In addition, as of late I use Python more for working with datasets that requires a lot of munging, preparing, and cleaning. So as an extension to that, I ended using Pandas, SciKit Learning, and other Python-specific Data Mining libraries instead of Weka (which is basically what the Pentaho Data Mining tool is).

So for those who are new to Data Mining with Pentaho, here is a good place to start, an interview with Mark Hall who was one of the author of Weka who now works for Pentaho: https://www.floss4science.com/machine-learning-with-weka-mark-hall

The link above also has some links to where to find more information.

For those who are experienced data scientists, you probably already made up your mind on which tool suits your needs best and just like I went with Python libraries, you may or may not prefer the GUI approach like Weka.

New Release: Pentaho 5.0 CE

For the rest of this review, we will go over the new changes that comes with the highly anticipated release of the 5.0 CE version. Overall, there are a lot of improvements in various parts of the suite such as PDI and PRD, but we will focus on the BI Server itself, where the largest impact of the new release can be seen.

A New Repository System

In this new release, one of the biggest shock for existing users is the switch from file-based repository system to the new JCR-based one. JCR is a database-backed content repository system that was implemented by the Apache Foundation and code-named “Jackrabbit.”

The Good:

  • Better metadata management
  • No longer need to refresh the repository manually after publishing solutions
  • A much better UI for dealing with the solutions
  • API to access the solutions via the repository which opens up a lot of opportunities for custom applications

The Bad:

  • It's not as familiar or convenient as the old file-based system
  • Need to use a synchronizer plugin to version-control the solutions'

It remains to be seen if this switch will pay off for both the developers and the users in the long run. But it is stable and working for the most part, so I can't complain.

The Marketplace

One of the best feature of the Pentaho BI Server is its plugin-friendly architecture. In version 5.0 this architecture has been given a new face called the Marketplace:

This new interface serves two important functions:

  1. It allows admins to install and update plugins (almost all Pentaho CE tools are written as plugins) effortlessly
  2. It allows developers to publish their own plugins to the world

There are already several new plugins that is available with this new release, notably Pivot4J Analytics. An alternative to Saiku that shows a lot of promises to become a very useful tool to work with OLAP data. Another one that excites me is Sparkl with which you can create other custom plugins.

The Administration Console

The new version also brings about a new Administration Console where we manage Users and Roles:

No longer do we have to fire-off another server just to do this basic administrator task. In addition, you can manage the Mail server (no more wrangling configuration files).

The New Dashboard Editor

As we discussed in Part V of this review, the CDE is a very powerful dashboard editor.

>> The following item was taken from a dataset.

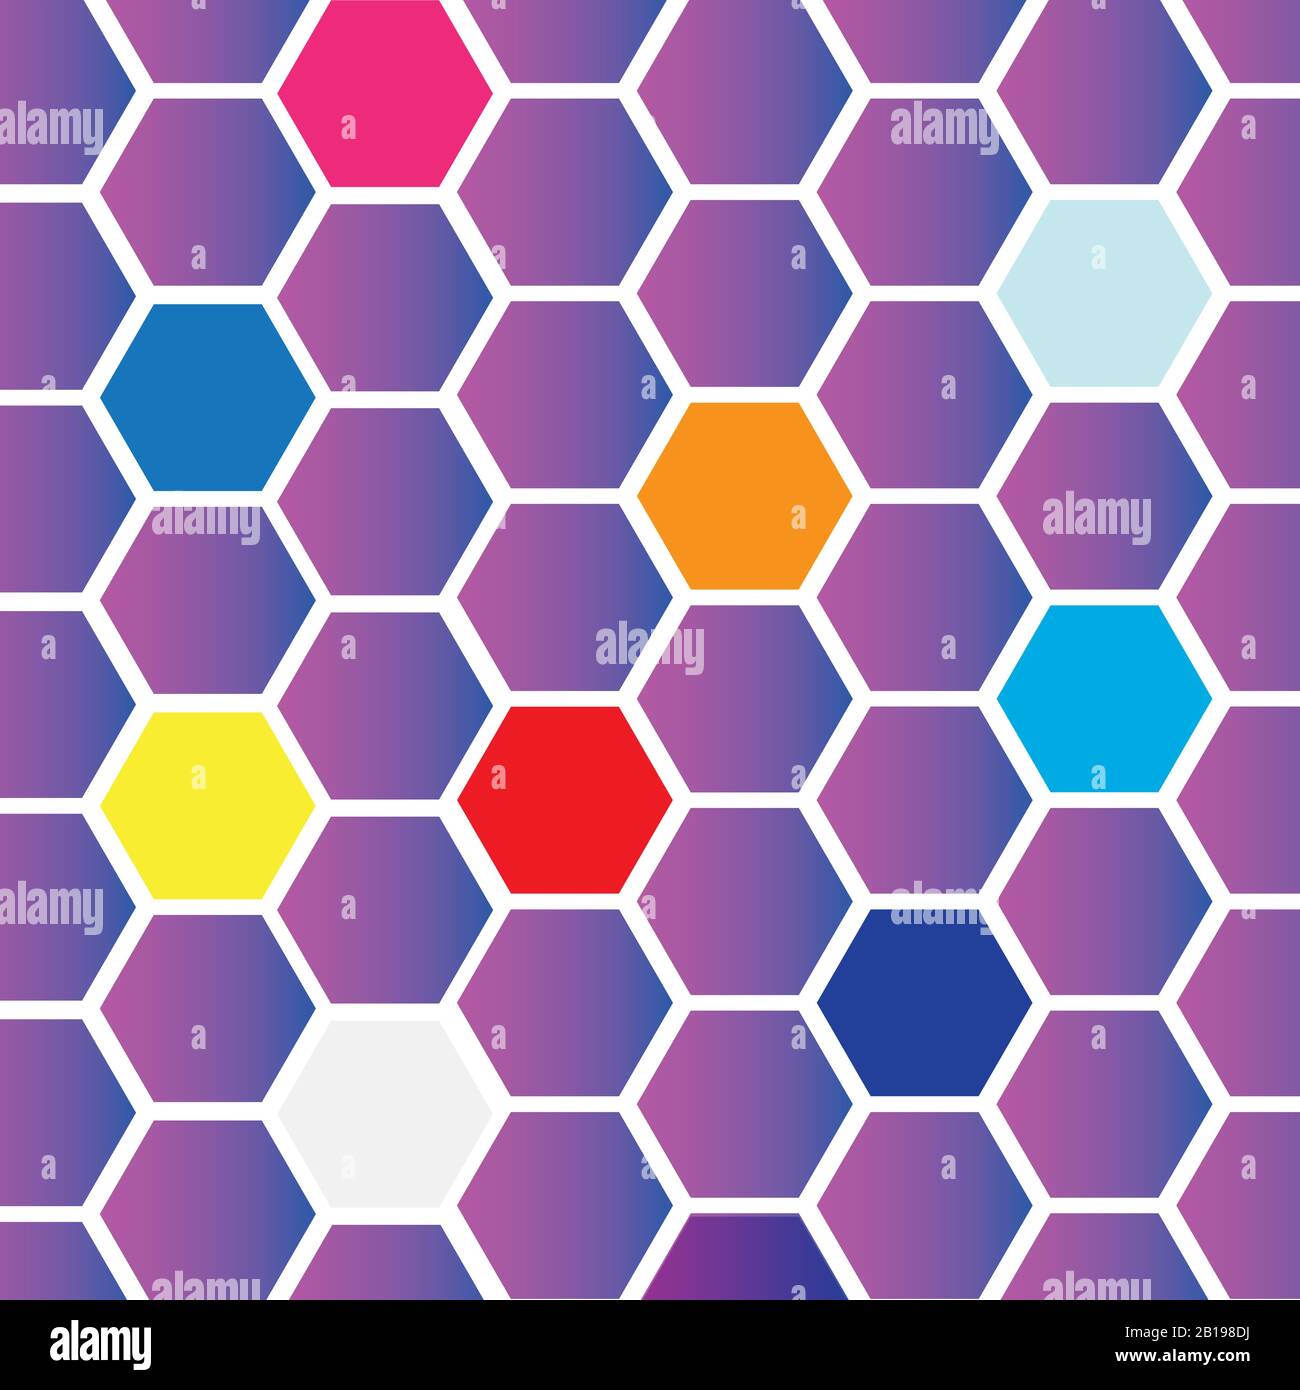 System of hexagons, and some random colors, vector image Stock Vector

In version 5.0, the list of available Components are further lengthen by new ones. And the overall editor seems to be more responsive in this new release.

Usage experience: The improvements in the Dashboard editor is helping me to create dashboards for my clients that goes beyond the static ones. In fact, the one below (demo purposes only) has the interactivity level that rivals a web application or an electronic form:

NOTE: Nikon and Olympus are trademarks of Nikon Corporation and Olympus Group respectively.

Parting Thoughts

Even though the final product of a Data Warehouse of a BI system is a set of answers and forecasts, or dashboards and reports, it is easy to forget that without the tools that help us to consolidate, clean up, aggregate, and analyze the data, we will never get to the results we are aiming for.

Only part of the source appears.